The most popular question is why do we keep going over this drill? There’s only one person who can truly answer this, Joe Jelinek, who is the principal of Lodi High School. Jelinek responded with the pros and cons ALICE training might bring.

“ALICE teaches the staff and students the most appropriate response if an incident were to happen that challenged the safety of the students or staff,” said Jelinek. “Studies show that schools who participate in ALICE training have a higher survival rate.” 

Jelinek also explained some of the cons ALICE training may bring.

“People have experienced an anxiety episode due to this drill. Most people who this has happened to have experienced a life-threatening situation, and this drill may just be their worst fear,” said Jelinek. “With younger kids, this gets in their heads.” 
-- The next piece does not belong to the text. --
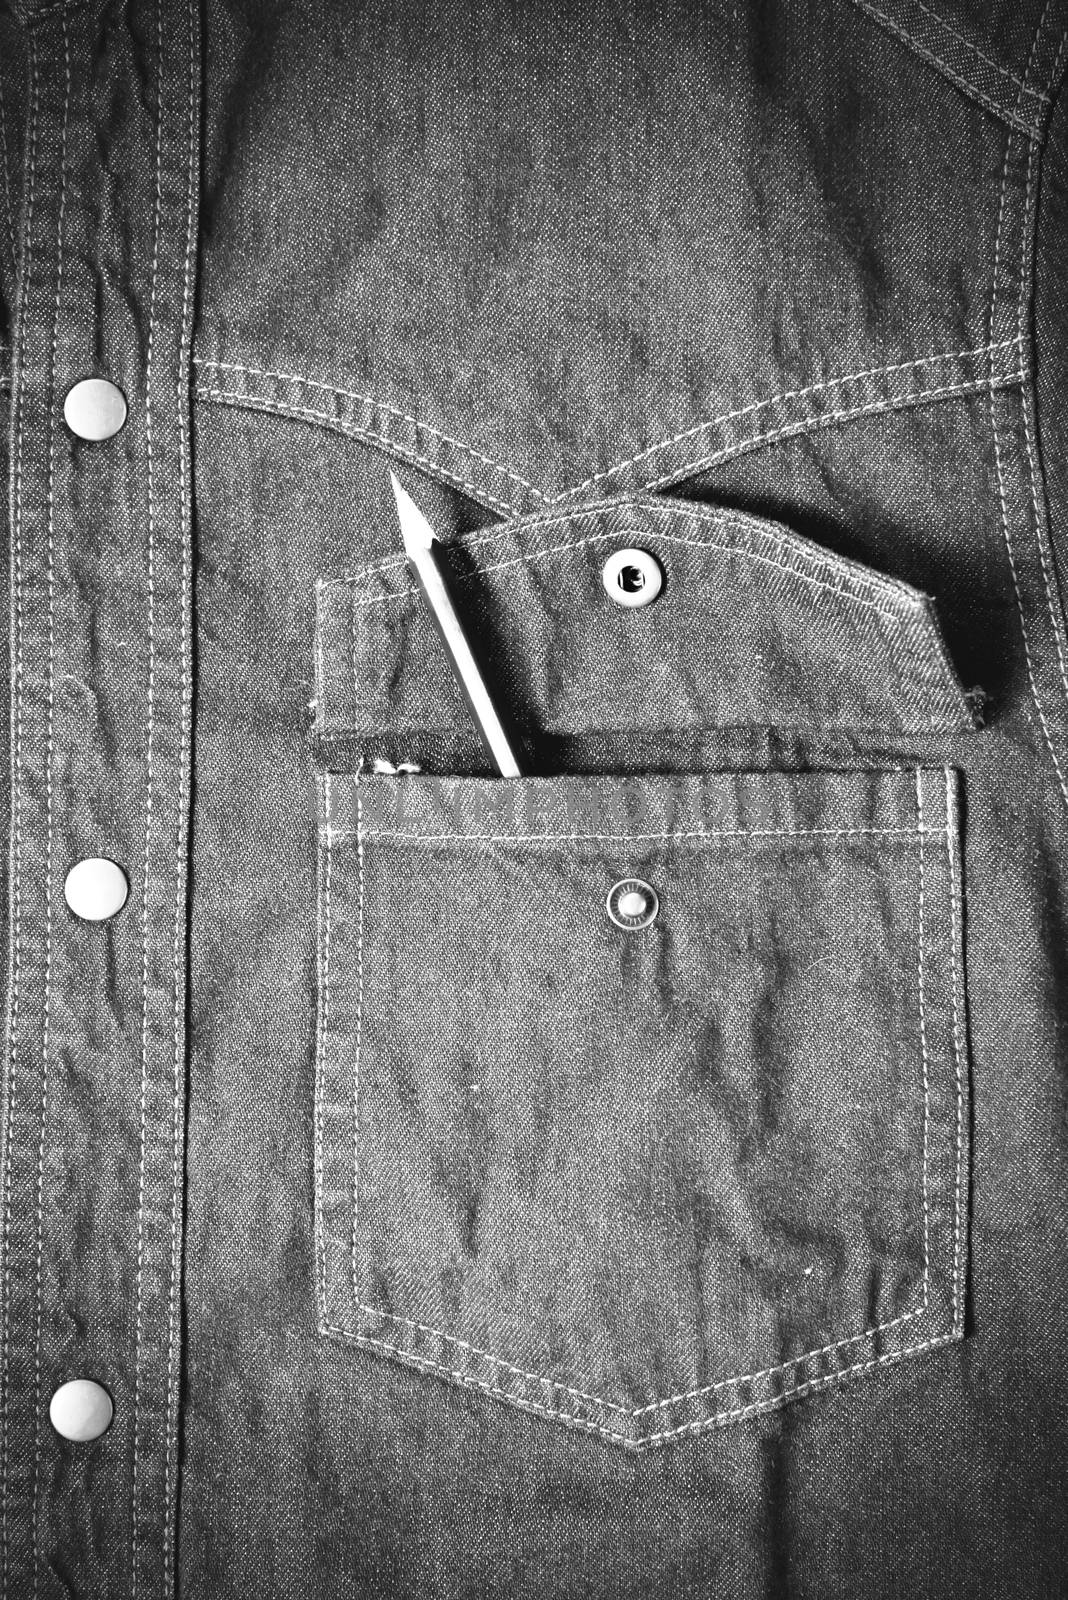 pencil in jean pocket black and white tone color style by ammza12

Dr. Stephen Brock is a member of the National Association of School Psychologists. He said, “Teaching such tactics may cause unnecessary anxiety and stress for students,especially young kids who are more easily traumatized.”  

There are many positives and negatives this drill can bring. There are many tools students or staff can use to overcome anxiety attacks. One tool Dr. Brock suggested to people who have experienced a similar event is the 4 R’s: Realize, Recognize, Respond, and Resist re-traumatization.

 Overall ALICE training is a critical thing for people’s safety even though it can feel extremely repetitive and may cause individuals to experience anxiety attacks.